Segundo a diretora de pessoas e organização da rede, Luciana Domigala, a abolição total de diretrizes de vestimenta, implementada há dois anos, foi bem recebida pela equipe. "Quanto mais autêntico um funcionário puder ser, melhor ele vai desempenhar as funções", afirma
Esse tipo de abertura deu espaço para o surgimento de novas discussões sobre liberdade individual no trabalho.
Apesar de nem sempre obrigatório, o uso de maquiagem é um dos aspectos mais demandados de funcionárias.
"Costumo passar só protetor solar, mas no meu primeiro dia eu passei corretivo e rímel. Estava me sentindo supermaquiada. Quando cheguei, a primeira coisa que minha chefe disse é que eu deveria usar mais maquiagem, já que atendíamos aos clientes", conta a arquiteta Caroline, 23, que trabalhava em uma loja de iluminação.
A situação não se restringe ao atendimento --também é comum em escritórios.
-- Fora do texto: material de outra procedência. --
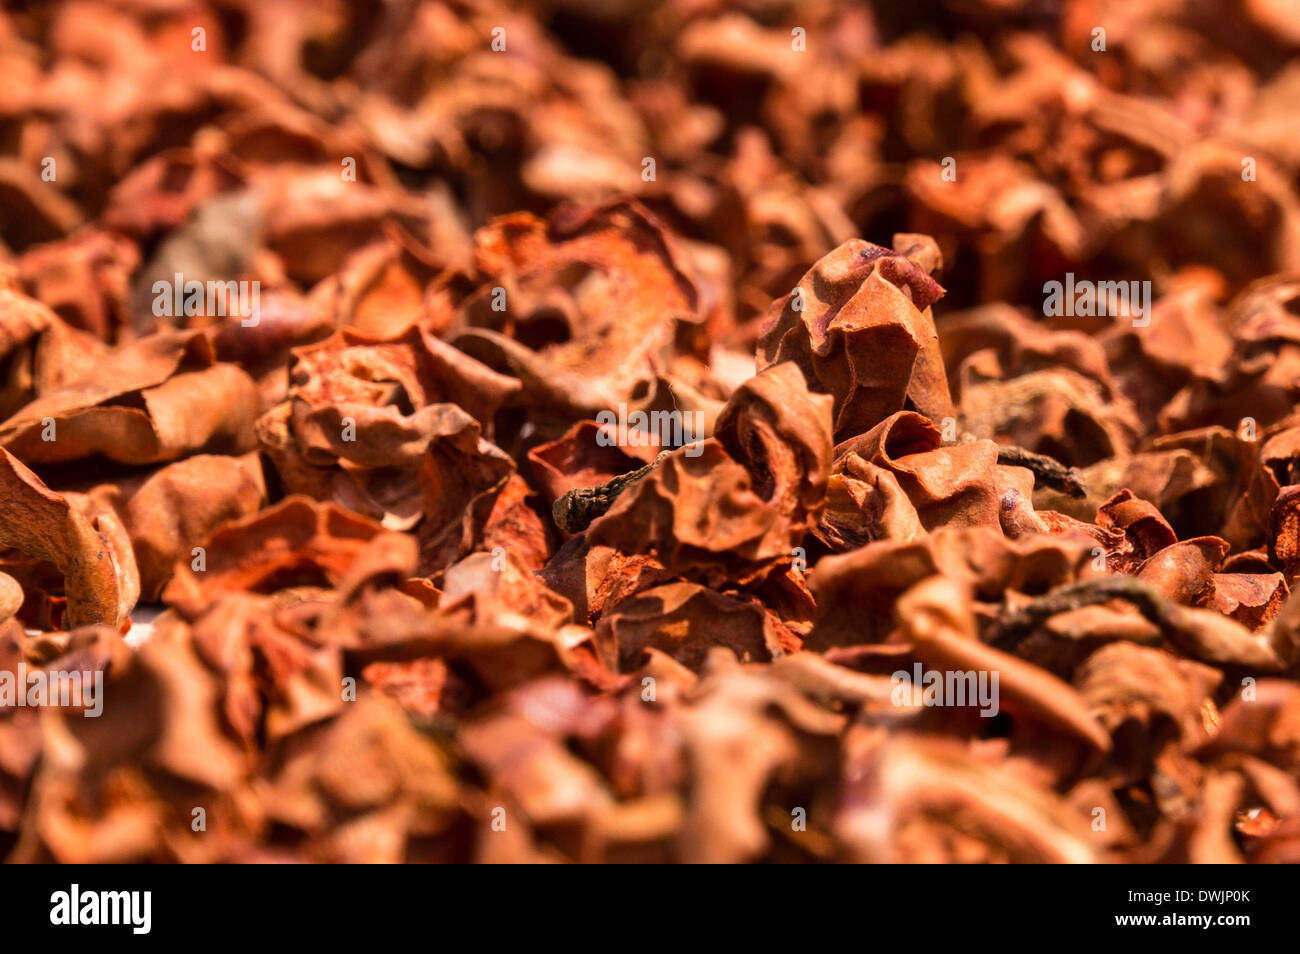 Dried mace from Nutmegs Stock Photo

É o caso de Sílvia, 27, produtora de TV. "Eu ouvi desde 'vai passar uma maquiagem nessa cara' até colegas diretos me incentivando a não comer para perder peso."
A gordofobia, assim como discriminação racial, de gênero e de sexualidade, também aparece na forma de comentários relacionados ao estilo.
Naiara, 23, assistente de operações na indústria química, viu de perto uma situação que considerou discriminatória com uma colega, negra, que havia feito dreadlocks. "Durante o almoço, um funcionário começou a fazer perguntas sobre a higiene do penteado e comentou que, mesmo lavado, aparentava sujeira."
"Se um homem resolve usar saia, batom e unha pintada, ele tem o direito de trabalhar assim", afirma a advogada Fabíola Marques. "E uma empresa não pode exigir alisamento de um funcionário com cabelo crespo. Dependendo da forma como o assunto é abordado, pode ser considerado dano moral e assédio moral", diz.
A consultora de estilo Manu Carvalho, da Faap, afirma que reparar na forma como os chefes e as pessoas que você admira no trabalho se vestem é um bom caminho para entender a forma adequada de se vestir. "Se houver espaço, pense na sua individualidade como algo que pode fortalecer sua posição", diz.
Depois de uma experiência na qual se sentia pressionada a usar maquiagem todos os dias, Maria Thereza deixou a preocupação de lado ao mudar de emprego para uma ONG. "Quando vi que a chefe não usava maquiagem, passei a não usar mais."
Manu Carvalho diz também que não se deve gastar demais no visual. "A moda nunca deve te deixar endividado."
Na pandemia, com o foco na parte superior do corpo, mulheres podem apostar em blusas com tecidos diferentes, brincos e colares. “Na parte de baixo, um short e, nos pés, sandálias tipo Birken ou chinelo”, aconselha.
Os profissionais ouvidos nesta reportagem falaram sob a condição de não revelar seus nomes.